Le chef me tapota de nouveau l'épaule, m'invitant à me calmer. « Ne vous précipitez pas. Cette affaire ne nous appartient pas. Nous devrions d'abord consulter Mlle Leng. »

Un petit feu brûlait en moi, et j'ai repoussé sa main et j'ai dit au médecin : « Ne lui posez pas de questions, vous devez sauver la mère et l'enfant. »

Le médecin, l'air soucieux, rangea sa boîte à médicaments, s'inclina et dit : « Je suis désolé d'être incompétent, jeune fille, vous feriez mieux de trouver quelqu'un d'autre. » Puis il se retourna et partit avec un air arrogant.

Je n'ai pas pu me retenir plus longtemps. Je lui ai barré le passage avec mon bras, les dents serrées, et j'ai dit : « Sais-tu qui je suis ? » J'ai souri d'un air mauvais : « Je suis Su Xie, la redoutable criminelle du monde des arts martiaux, connue pour ses viols, ses enlèvements et sa cruauté sans bornes.
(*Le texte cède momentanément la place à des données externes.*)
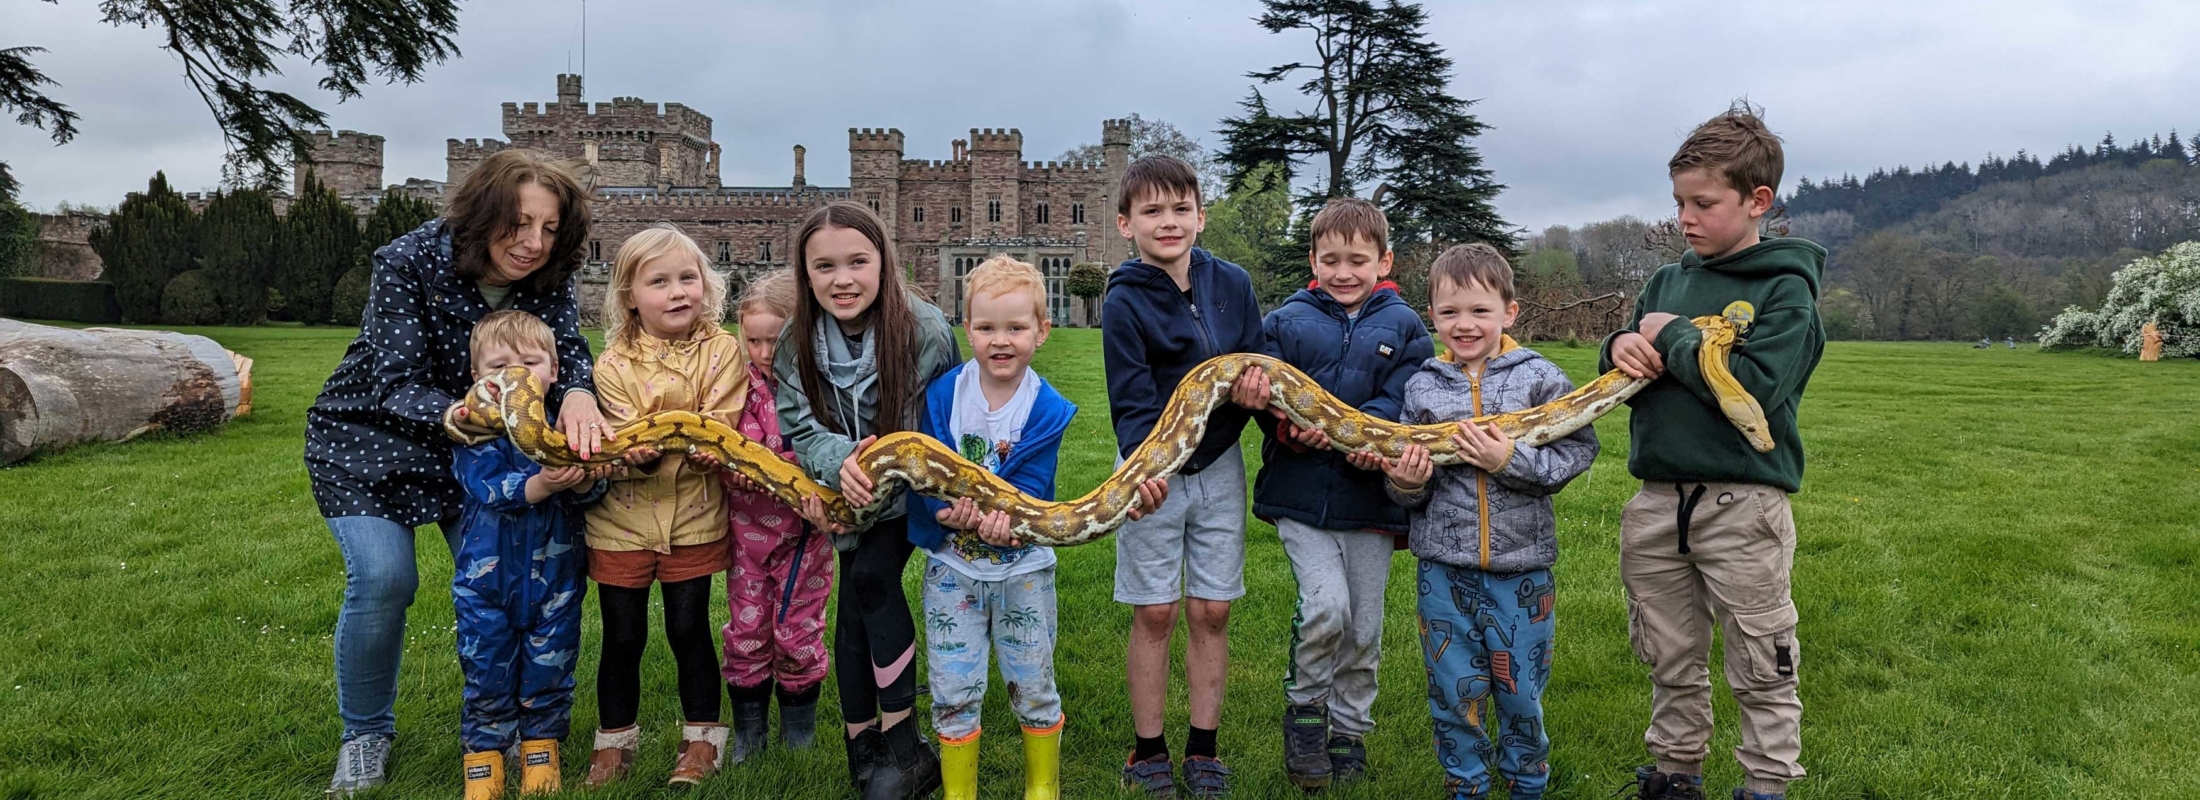 Children holding a snake during a fun day out at Herefordshire Castle

Sauveras-tu cette personne ou non ? »

Le médecin était tellement effrayé par moi qu'il recula de plusieurs pas et se tourna vers le chef avec inquiétude.

Le chef esquissa un sourire et s'avança pour me prendre à part, en disant : « Bon, regarde comme tu as effrayé le docteur. Je pense qu'il fera de son mieux pour le sauver… » Je levai les yeux vers le docteur et souris : « N'est-ce pas, Docteur ? »

Le médecin nous a examinés, le chef et moi, de gauche à droite, puis a finalement soupiré en disant : « Je vais vous prescrire des médicaments pour faciliter le déroulement de la grossesse et réguler votre organisme, et j'espère que cela fonctionnera. »

Les gens sont comme ça, ils persécutent les faibles et craignent les forts, ce qui me pousse à mal agir. J'ai remis mes vêtements en place et j'ai dit : « Très bien, je vous accompagne chercher les médicaments. » À peine me retournais-je que je suis tombé nez à nez avec le chef de l'alliance.

« Faites attention. » Le chef tendit la main pour m'aider à me relever. Son regard clair et doux me fit sursauter. Je me dégageai rapidement et discrètement. Sa main se figea un instant, puis il la retira et dit d'une voix calme : « Restez auprès de Mlle Leng. Je vais chercher les médicaments. »

J'ai esquissé un sourire et l'ai remercié en disant : « Alors je vais devoir vous déranger, chef de l'Alliance. »

Il ouvrit la bouche comme pour dire quelque chose, mais ne prononça aucun mot. Son regard parcourut l'assiette de pâtisseries aux noix que je venais de terminer, un léger sourire se dessina sur ses lèvres, puis il se retourna et partit avec le médecin.